As DeepMind noted on Twitter, the artificial intelligence model, named “Transframer” — that’s a riff on a “transformer,” a common type of AI tool that whips up text based on partial prompts — “excels in video prediction and view synthesis,” and is able to “generate 30 [second] videos from a single image.”
Transframer is a general-purpose generative framework that can handle many image and video tasks in a probabilistic setting. New work shows it excels in video prediction and view synthesis, and can generate 30s videos from a single image: https://t.co/wX3nrrYEEa 1/ pic.twitter.com/gQk6f9nZyg
— DeepMind (@DeepMind) August 15, 2022
As the Transframer website notes, the AI makes its perspective videos by guessing the target images’ surroundings with “context images” — in brief, by correctly predicting what one of the chairs below would look like from different views and angles based on extensive training data that lets it “imagine” an actual object from another perspective. Also, Transframer can unify a wide array of tasks, including image segmentation, view synthesis, and video interpolation.

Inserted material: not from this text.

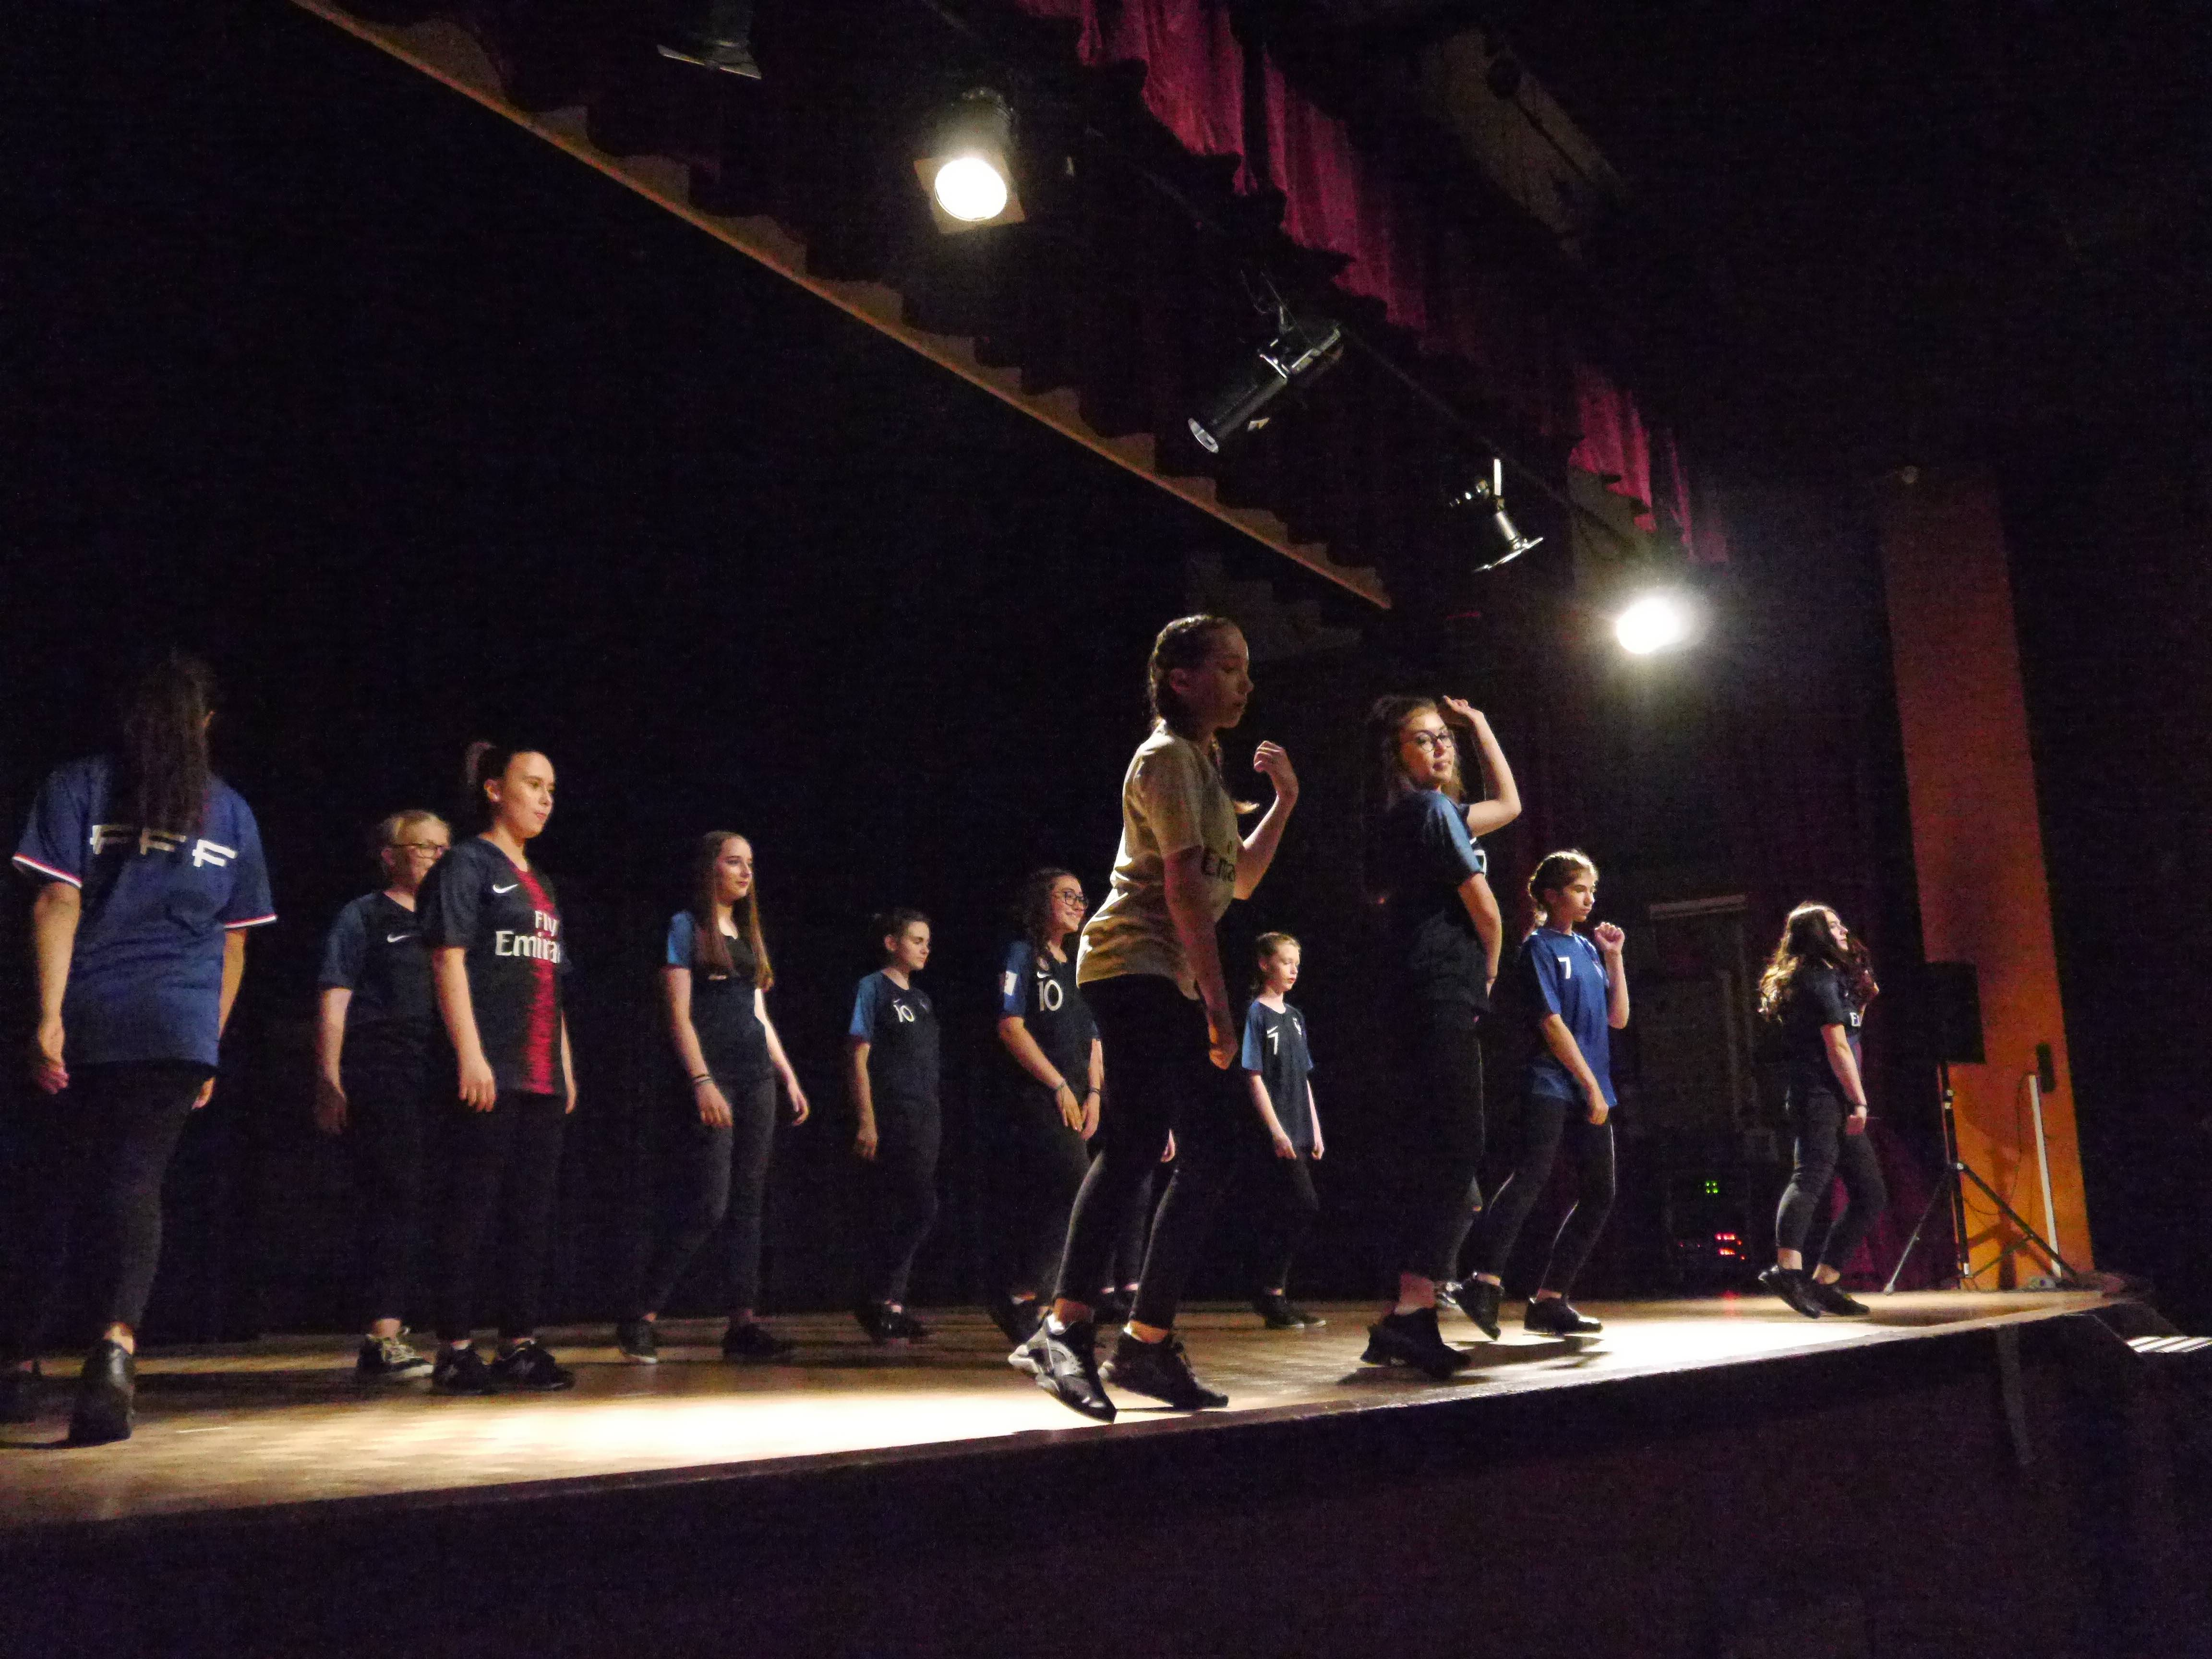 gala-danse-rythmique-fli-pompey 6 (7)

Transframer works on different types of video generation benchmarks. The research team claims that it is a state-of-the-art model which is likely to be the strongest and most competitive on few-shot view synthesis, and can produce coherent 30-second videos from a single image.
This model is quite impressive as it seems to apply artificial depth perception and perspective to create what the image would look like if someone were to “move” around it, raising the possibility of entire video games based on machine learning techniques instead of conventional rendering.
The proposed model also yielded promising results on eight tasks, including image classification, semantic segmentation, and optical flow prediction with no task-specific architectural components.
The transformer can also be used in different applications, which require learning conditional structure using text or a single image. It will be able to predict and generate video models, novel view synthesis, and multi-task vision.